* _INFORMATION PROVIDED_
##############################
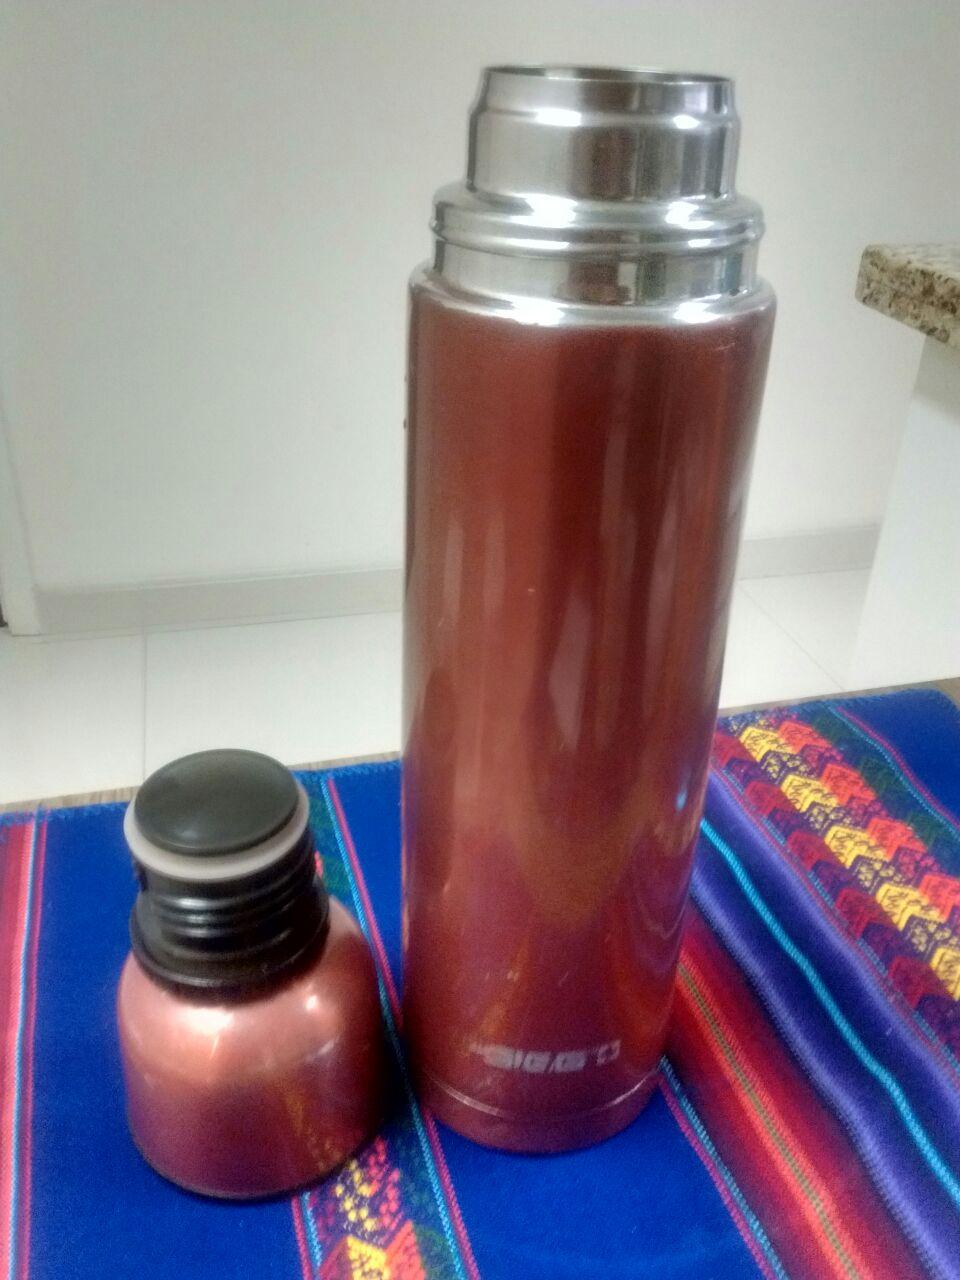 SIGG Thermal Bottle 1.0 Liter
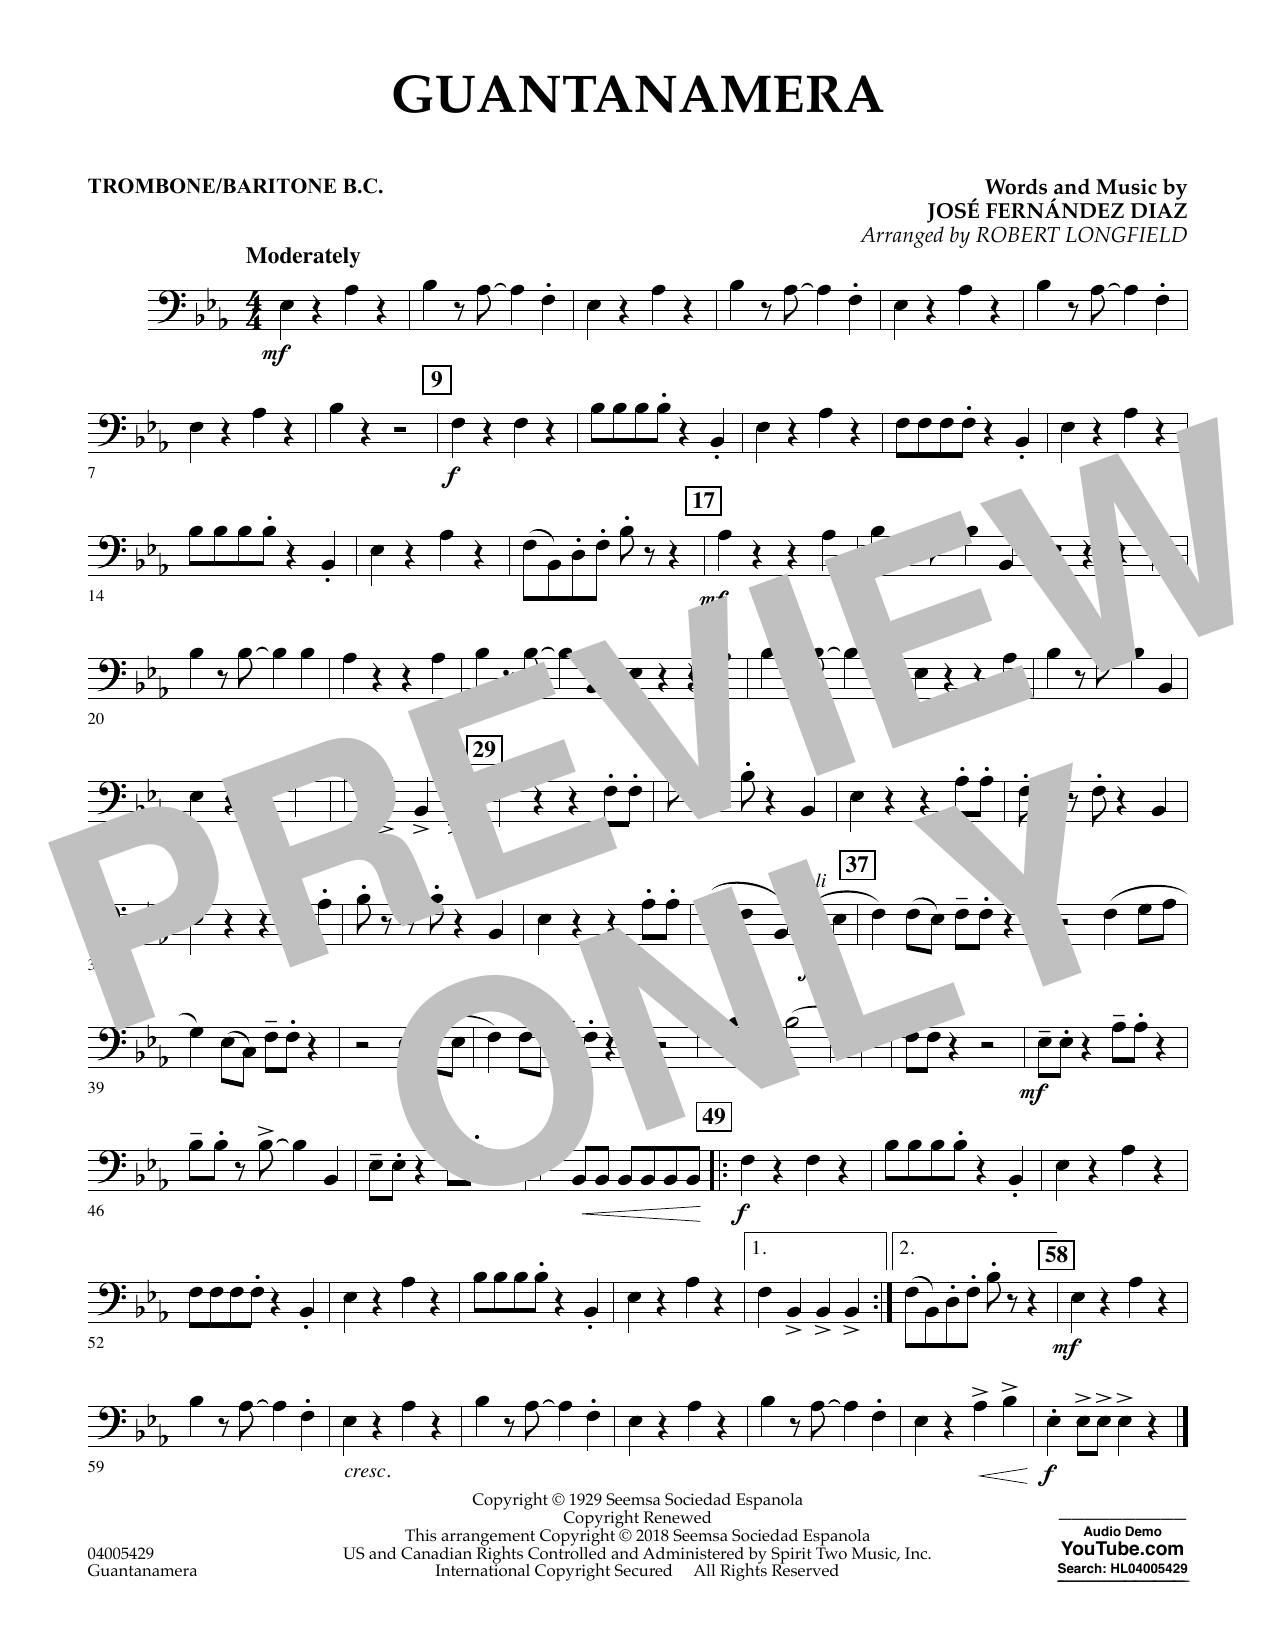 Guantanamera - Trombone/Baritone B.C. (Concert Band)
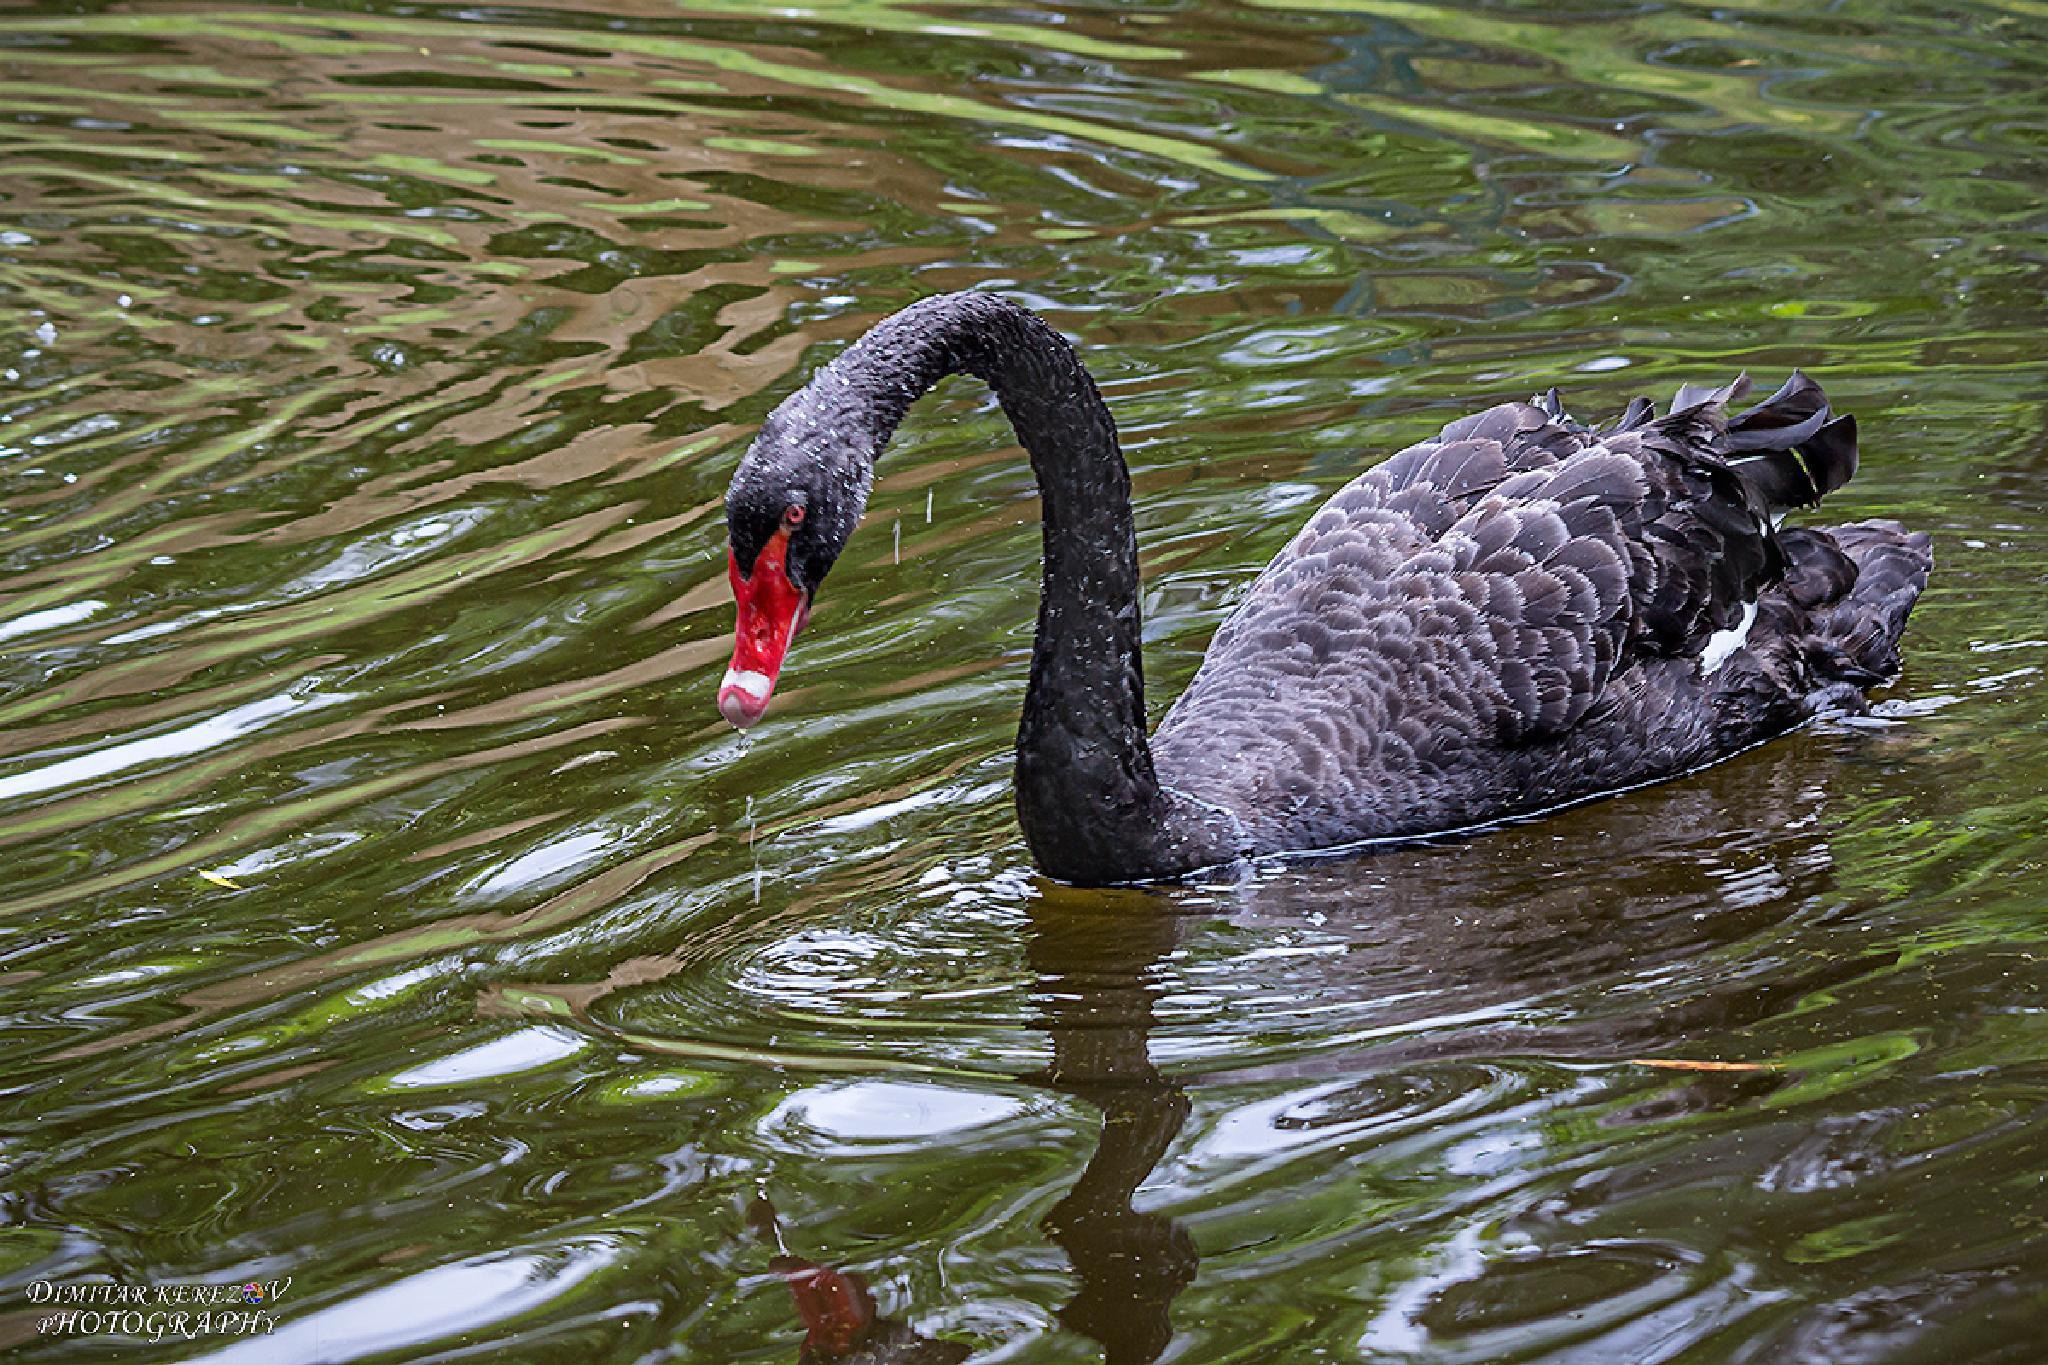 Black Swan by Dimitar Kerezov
##############################
* _ABOUT THIS TASK_
Leave out the pictures, then return every line of the data exactly.

* _FINISHED EXERCISE_
 SIGG Thermal Bottle 1.0 Liter
 Guantanamera - Trombone/Baritone B.C. (Concert Band)
 Black Swan by Dimitar Kerezov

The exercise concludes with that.